■ **BRIEF**
Only the pictures are to be dropped; the rest of the data below is to be duplicated exactly.

■ **DATA**
-- Opening Marker --
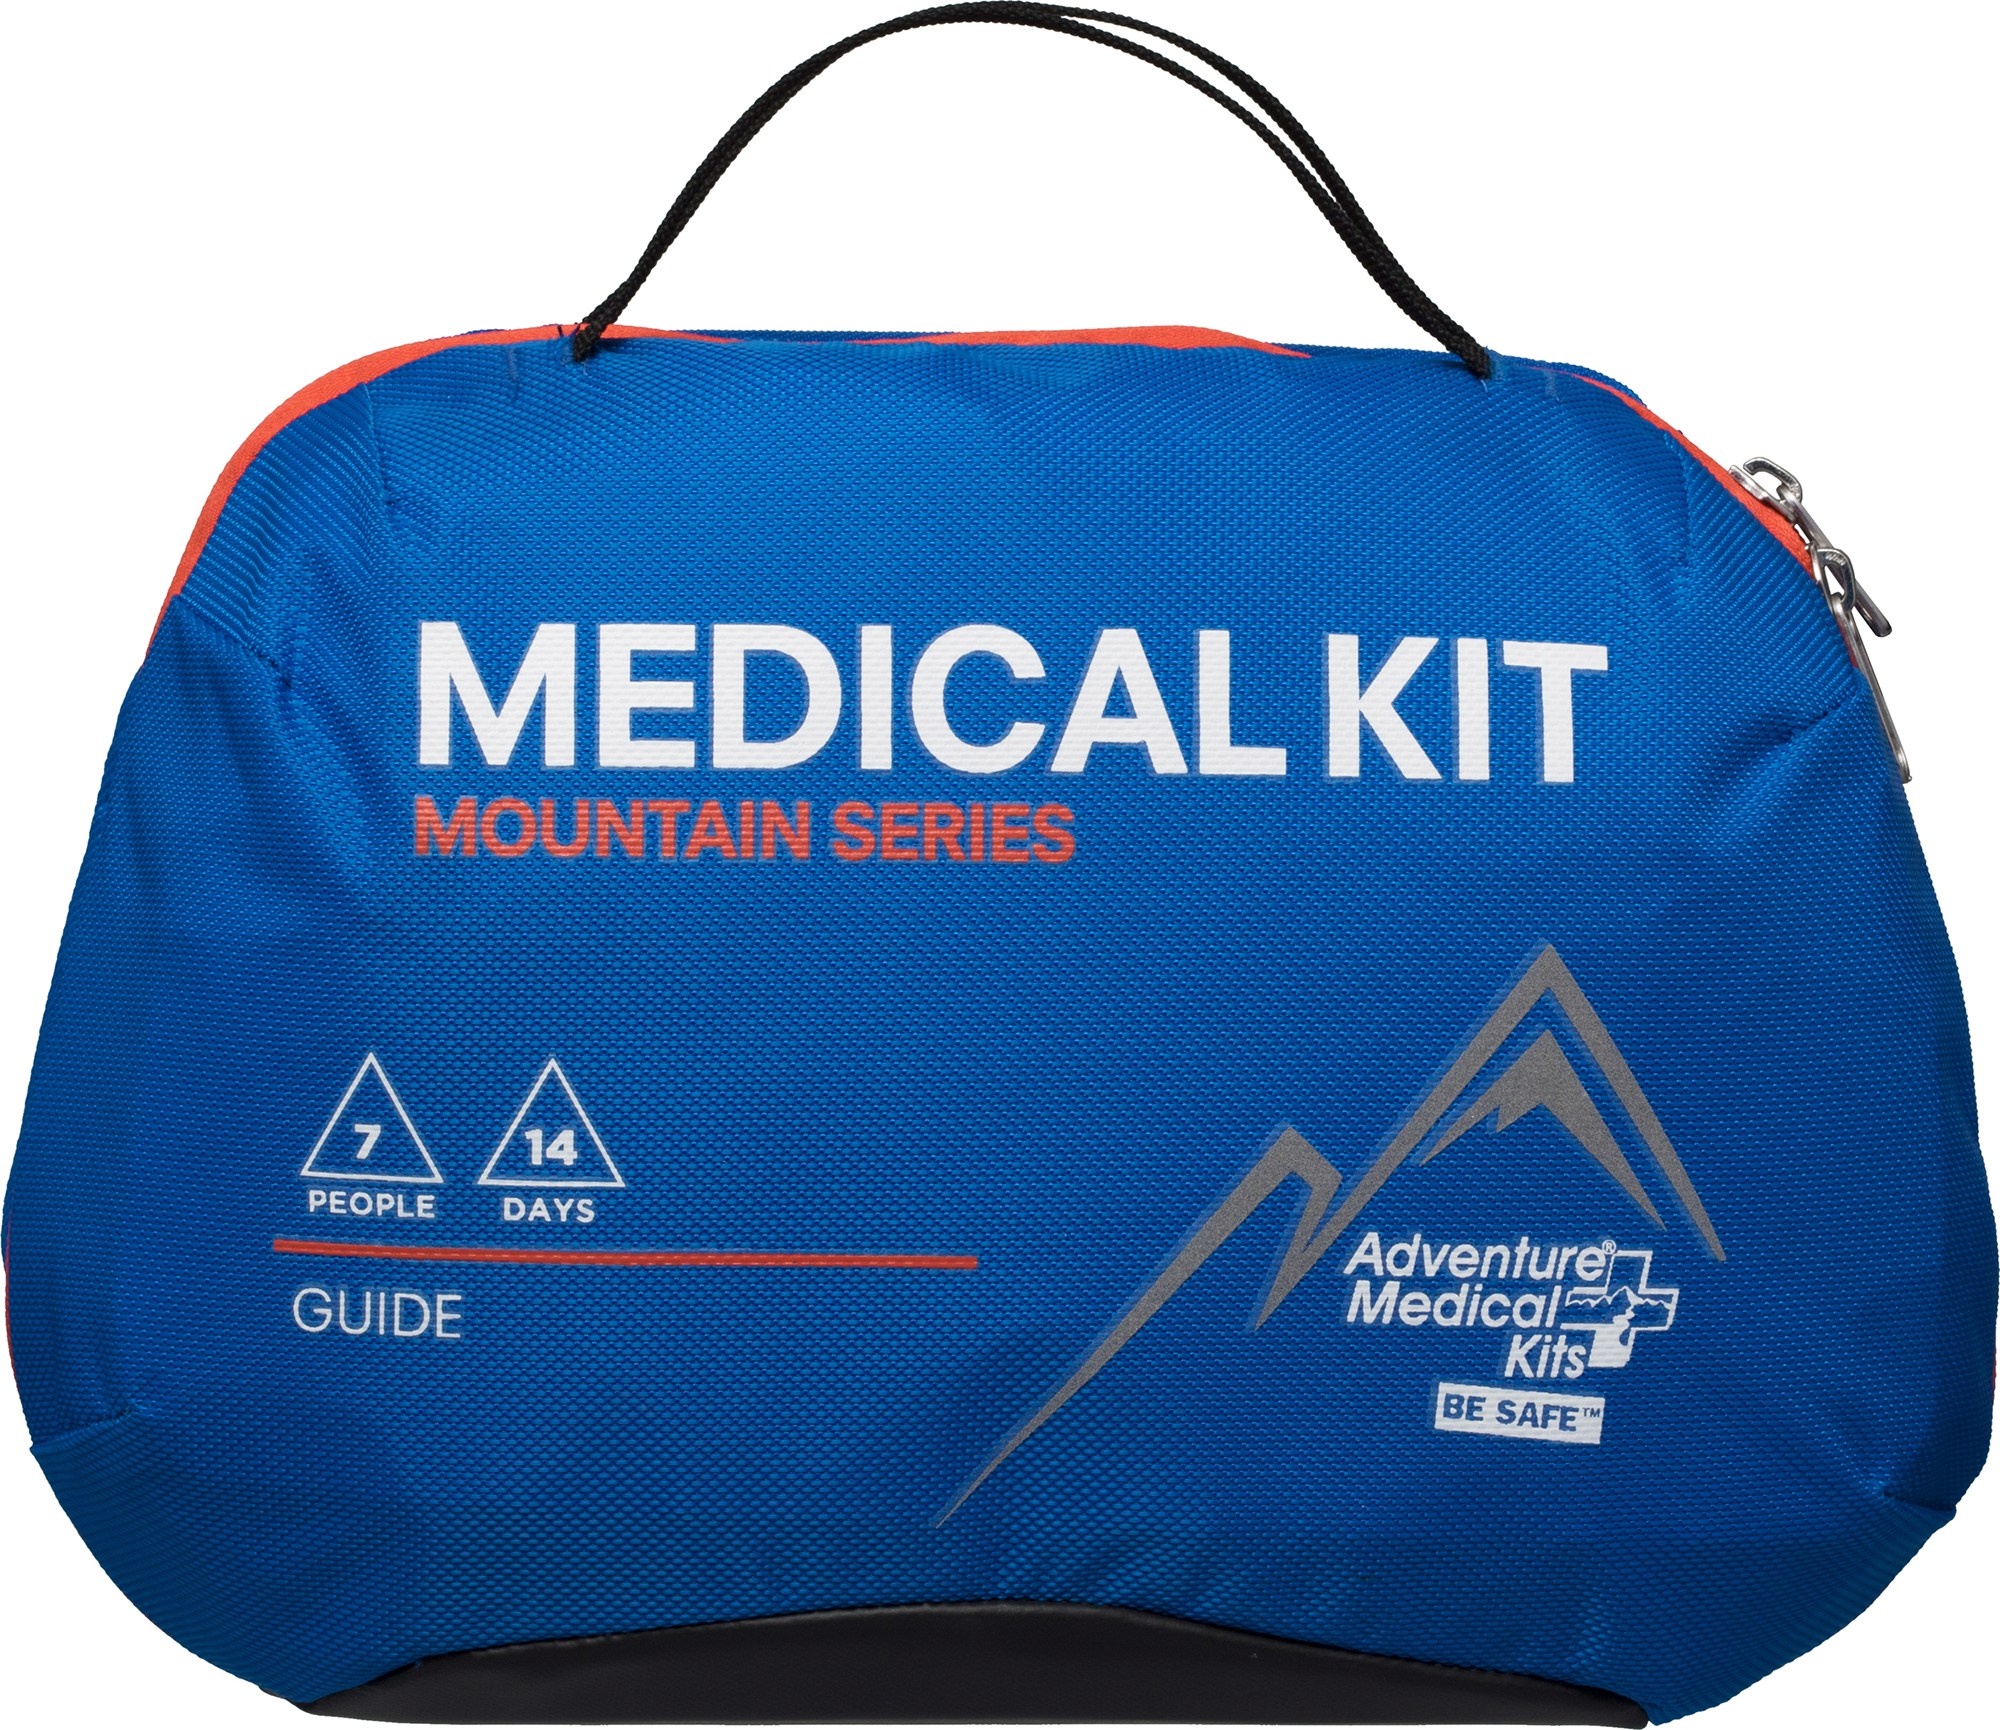 Медицинская аптечка Mountain Series Guide Adventure Medical Kits, синий медицинский набор для альпинистов серии mountain adventure medical kits синий
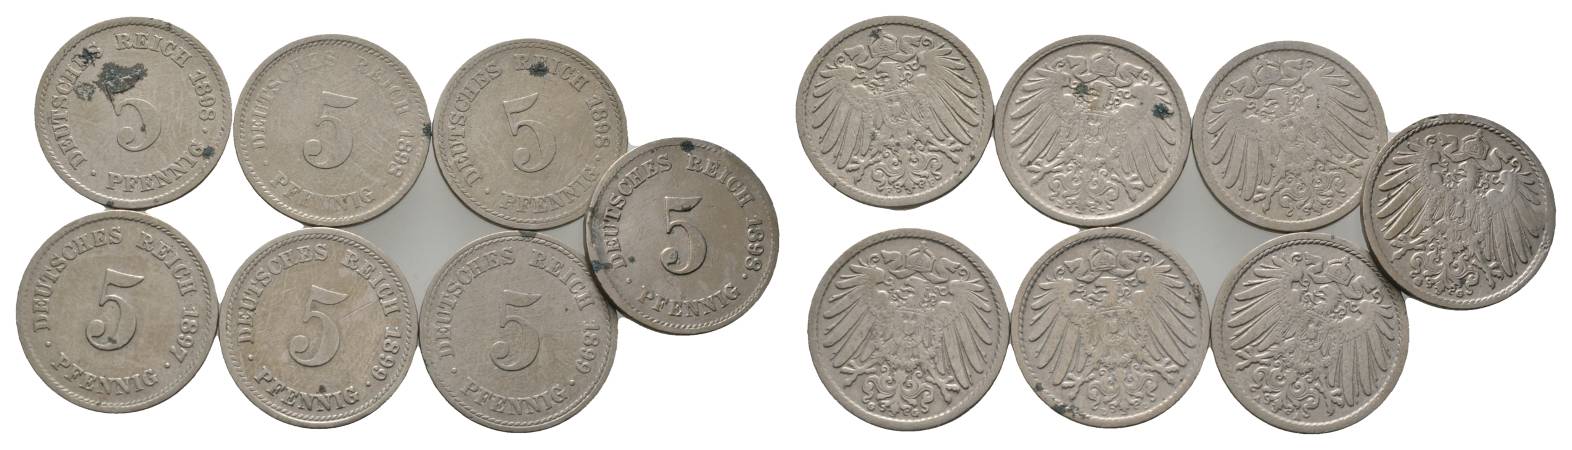  Kaiserreich, 7 Kleinmünzen (1898/1899/1897)   
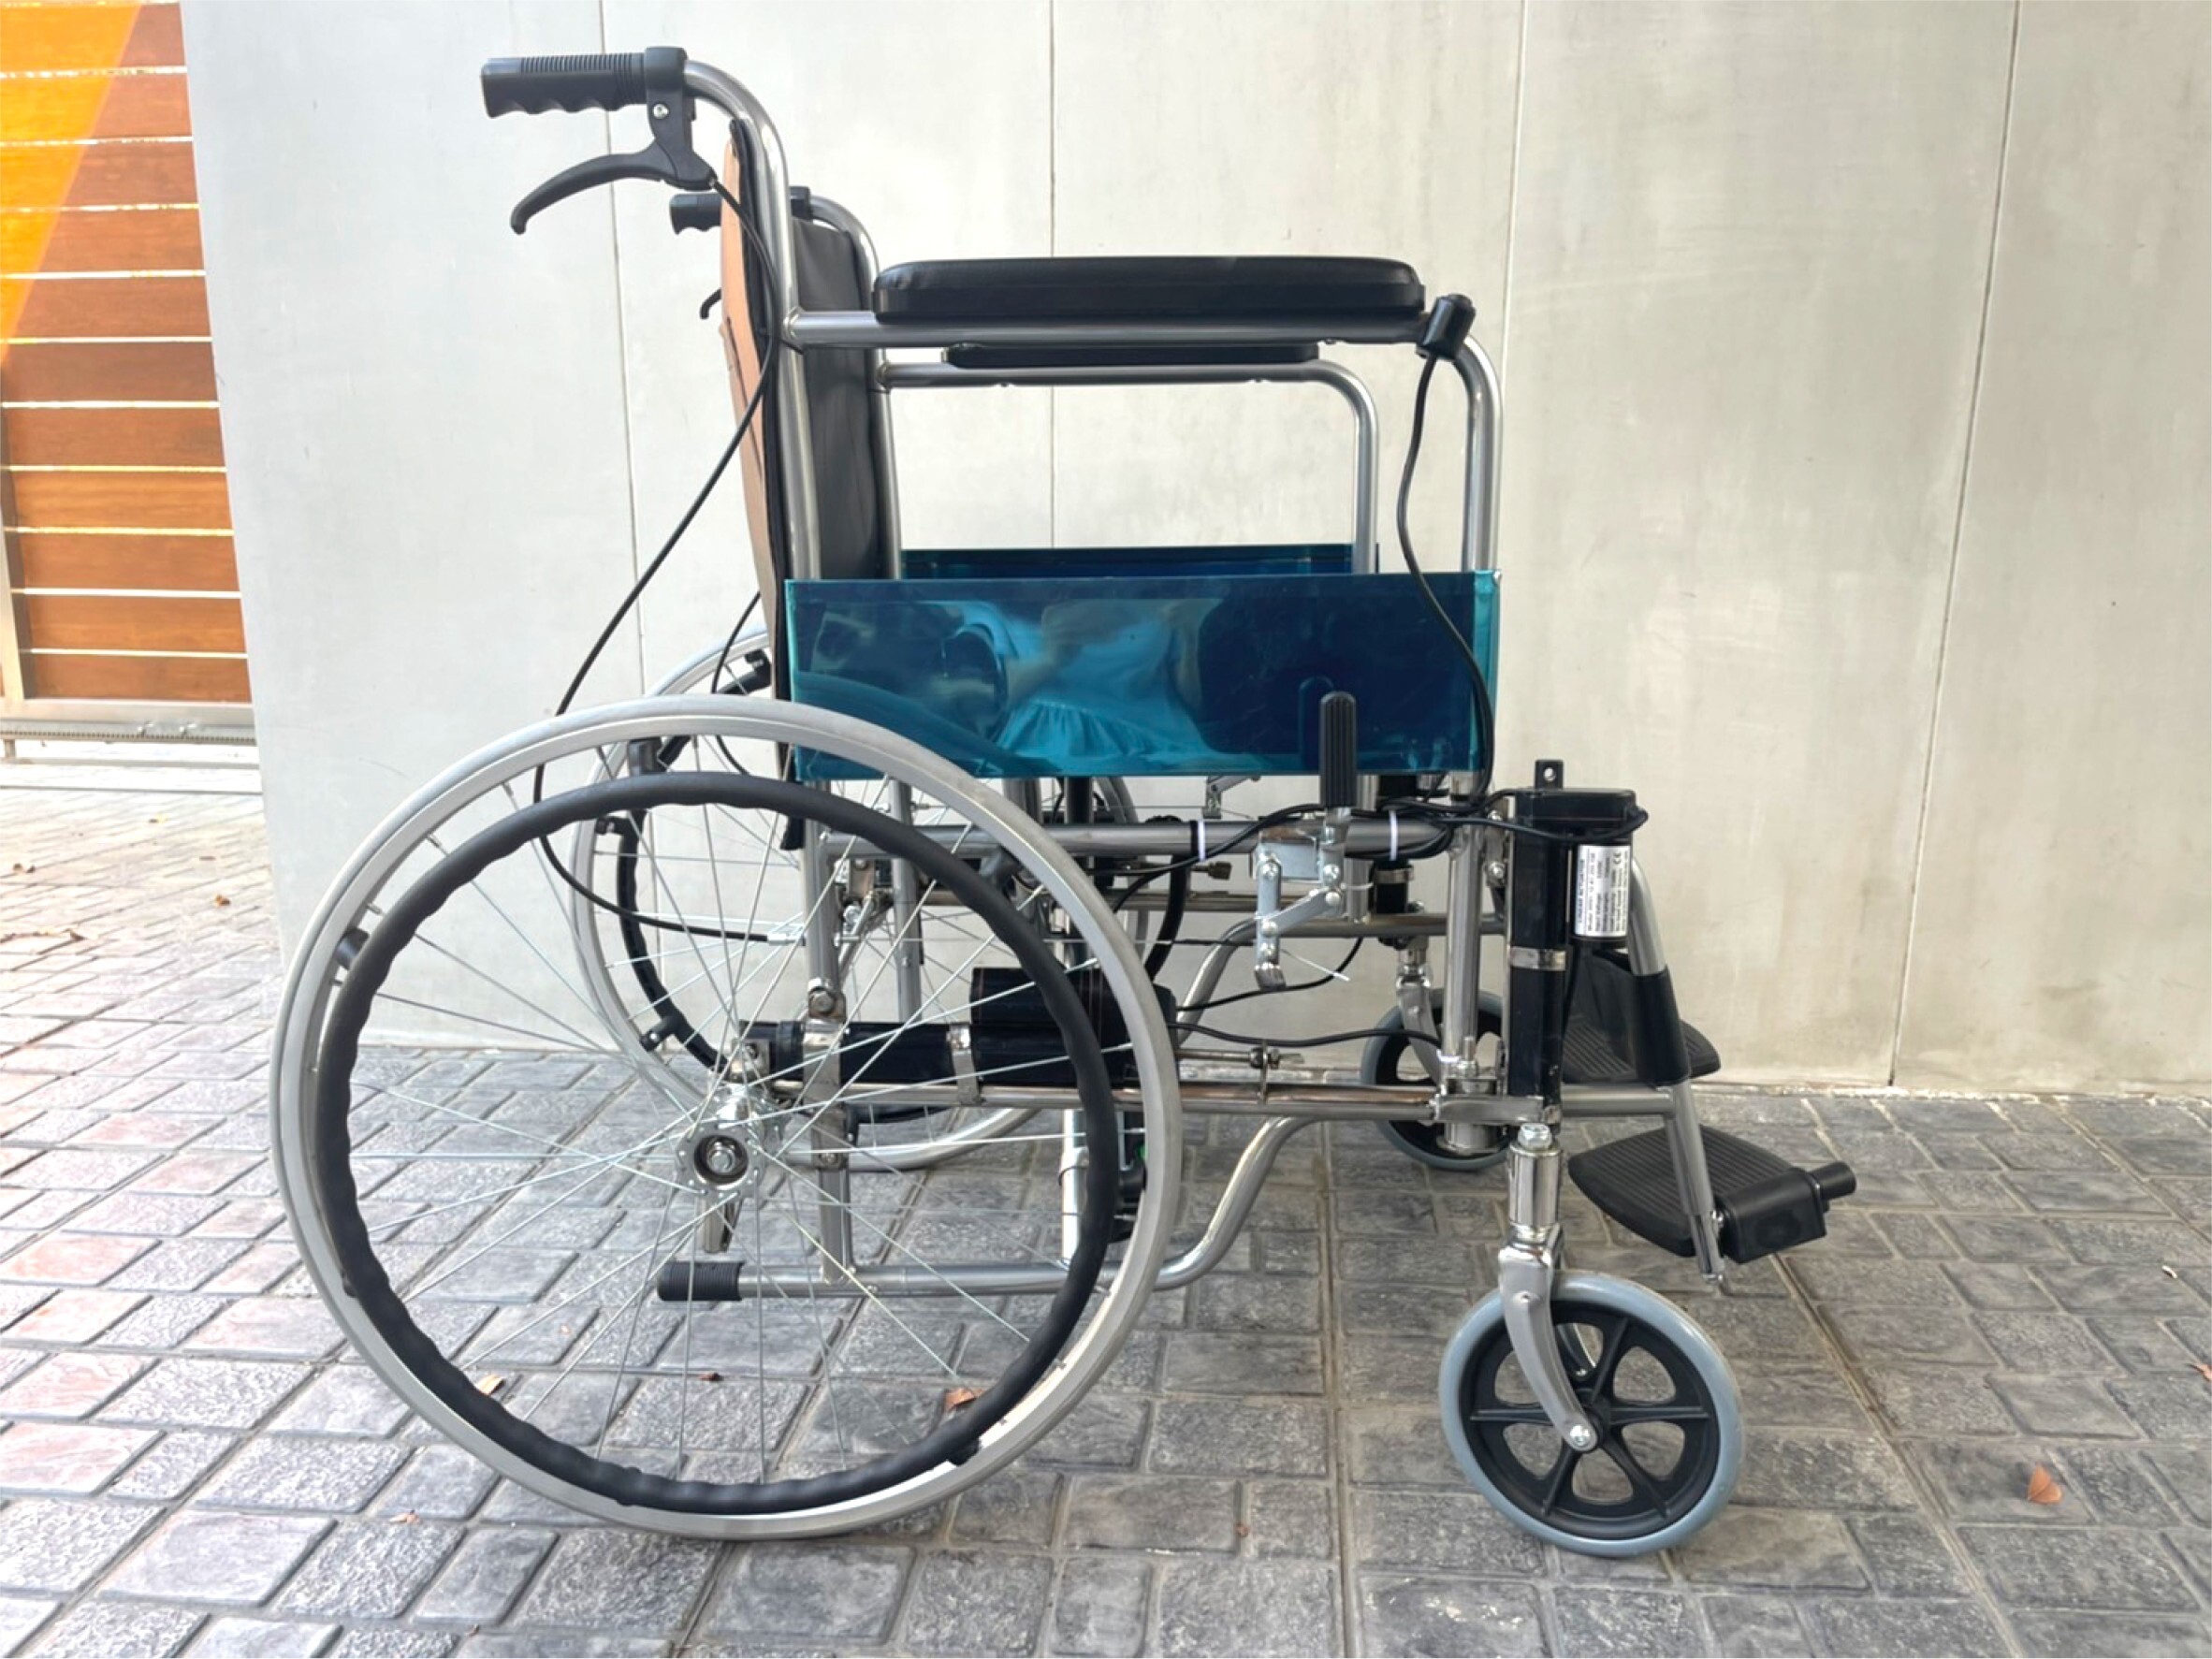 วช. หนุน นักประดิษฐ์รุ่นเยาว์ ประดิษฐ์ "อุปกรณ์เสริมเก้าอี้รถเข็น" ช่วยผู้สูงวัย คว้ารางวัลเหรียญทองเกียรติยศ เวทีเจนีวา
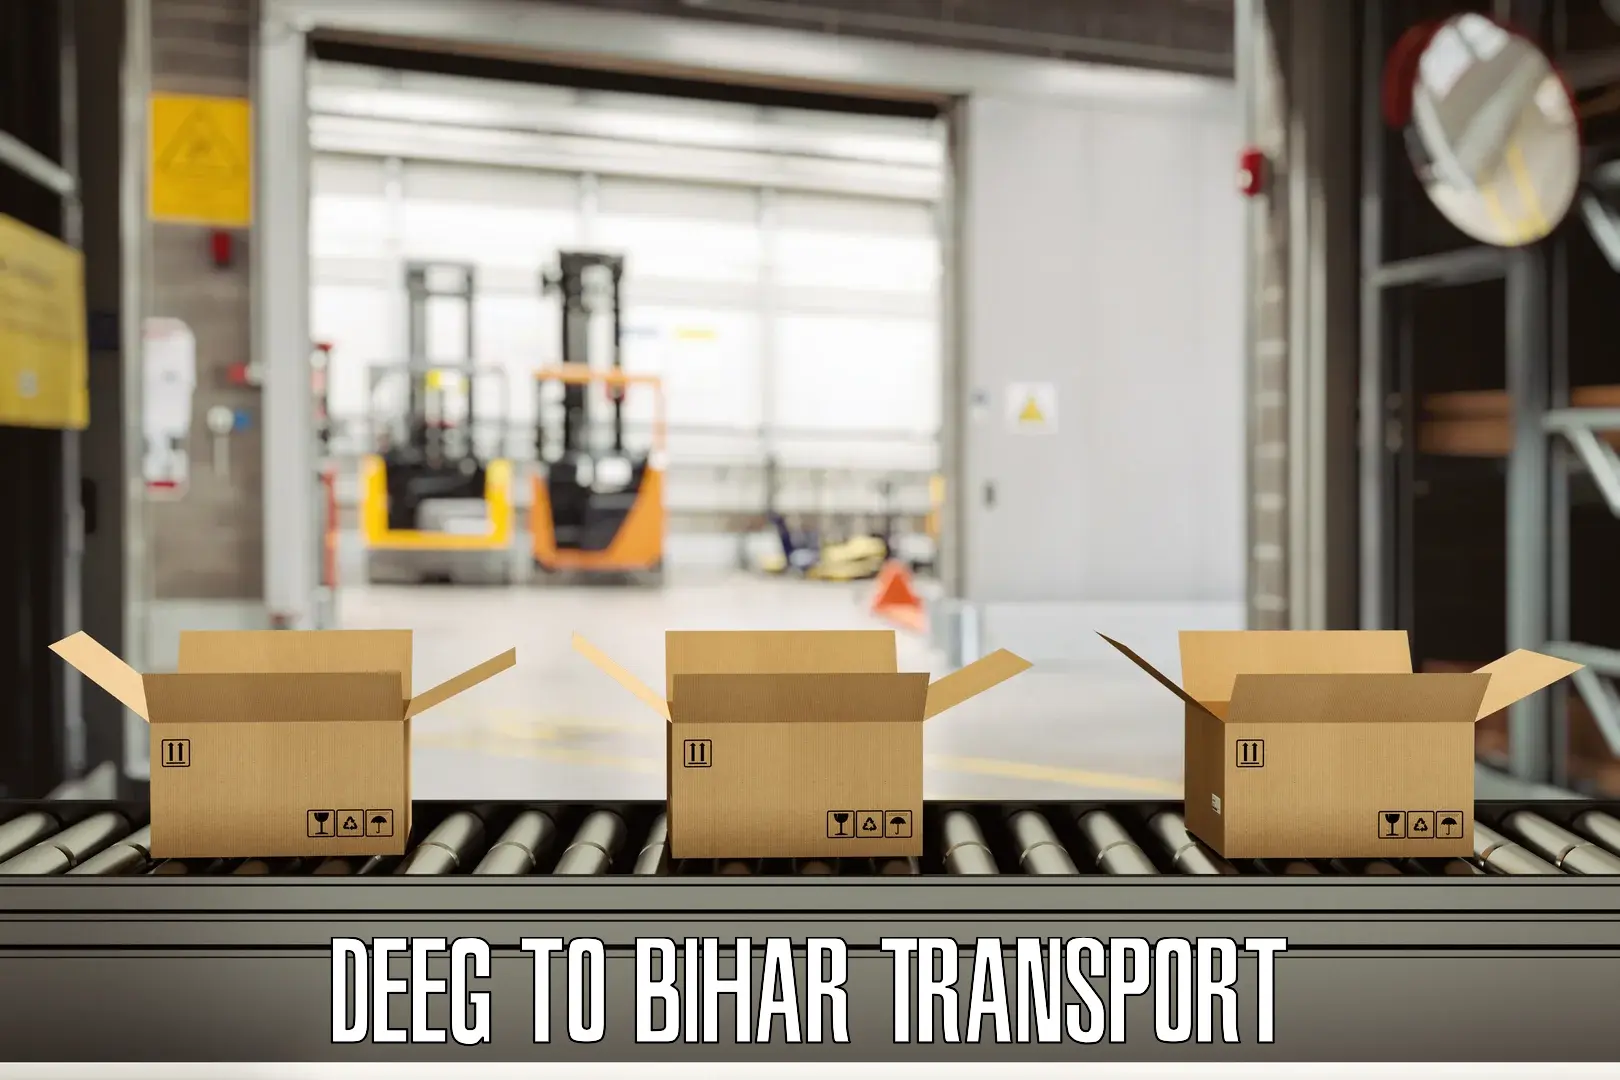 Vehicle transport services Deeg to Saran
-- Closing Marker --
■ **EXPECTED OUTPUT**
 Медицинская аптечка Mountain Series Guide Adventure Medical Kits, синий медицинский набор для альпинистов серии mountain adventure medical kits синий
  Kaiserreich, 7 Kleinmünzen (1898/1899/1897)   
 วช. หนุน นักประดิษฐ์รุ่นเยาว์ ประดิษฐ์ "อุปกรณ์เสริมเก้าอี้รถเข็น" ช่วยผู้สูงวัย คว้ารางวัลเหรียญทองเกียรติยศ เวทีเจนีวา
 Vehicle transport services Deeg to Saran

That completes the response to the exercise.